Над синевой во мгле
Шрифт:
Завтракали молча.
Инга взяла кофе, отпила глоток и первой нарушила молчание:
– Лера, «при восхождении на вершину каждый следующий шаг опаснее предыдущего» – это из воспоминаний Эдмунда Хиллари, первого покорителя Эвереста в 1953 году, – тихим голосом сказала она.

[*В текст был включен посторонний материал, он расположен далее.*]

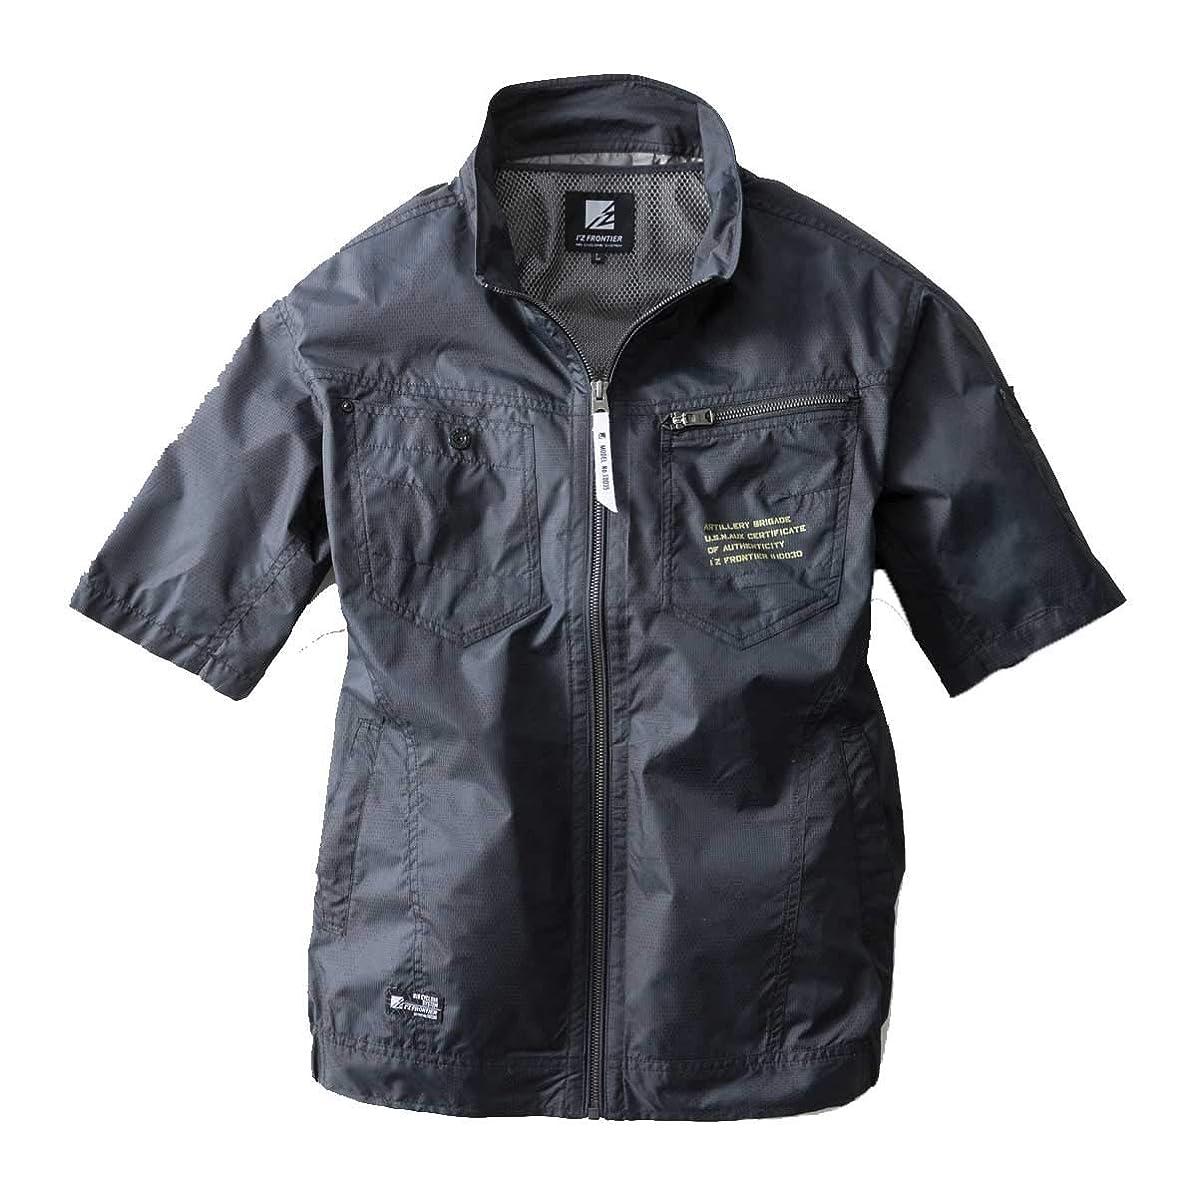 良さシャンプーポンプ限定空調服 アイズフロンティア 半袖ブルゾン(ファンなし) 10035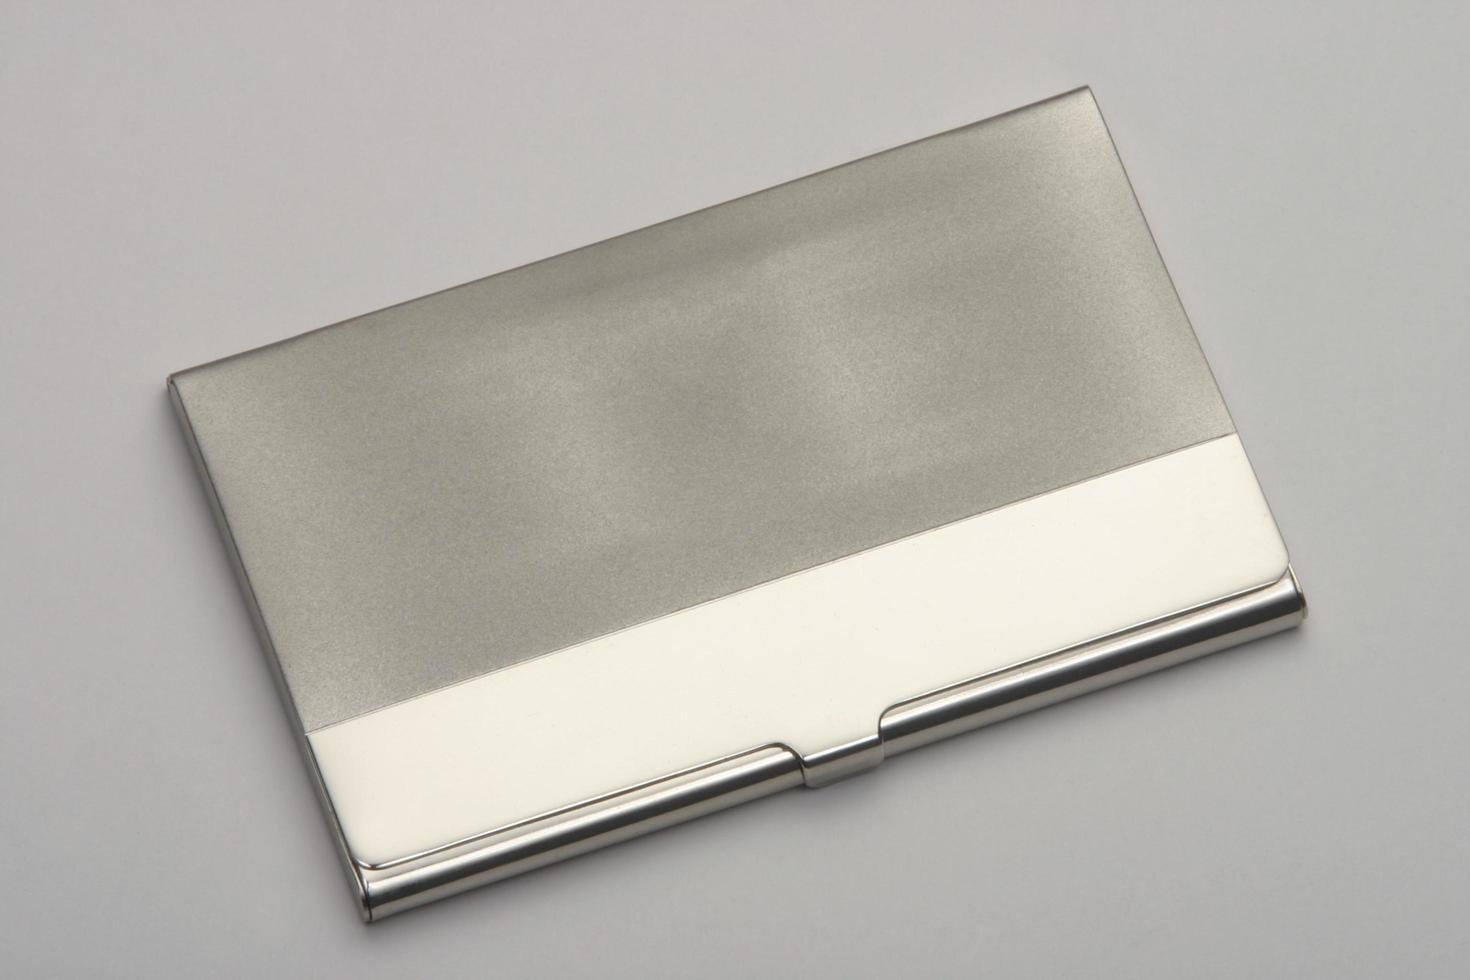 visitkortslåda av silver foto

– Можешь не продолжать, я сразу хочу оборвать твои разыгравшиеся фантазии и нравоучения по поводу «опасных шагов», – как-то очень по-взрослому отреагировала Лера и продолжила: – Я НЕ СПЛЮ с ним и никогда НЕ была его любовницей.
Инга смутилась и стала прокручивать
– А как же его рука на твоей талии?
– Да, и на талии, и на плечах, и в нежных объятиях. На людях! Напоказ! На всех встречах и сборищах «избранных» я с ним рядом, а вернее при нём, как дорогой и красивый аксессуар.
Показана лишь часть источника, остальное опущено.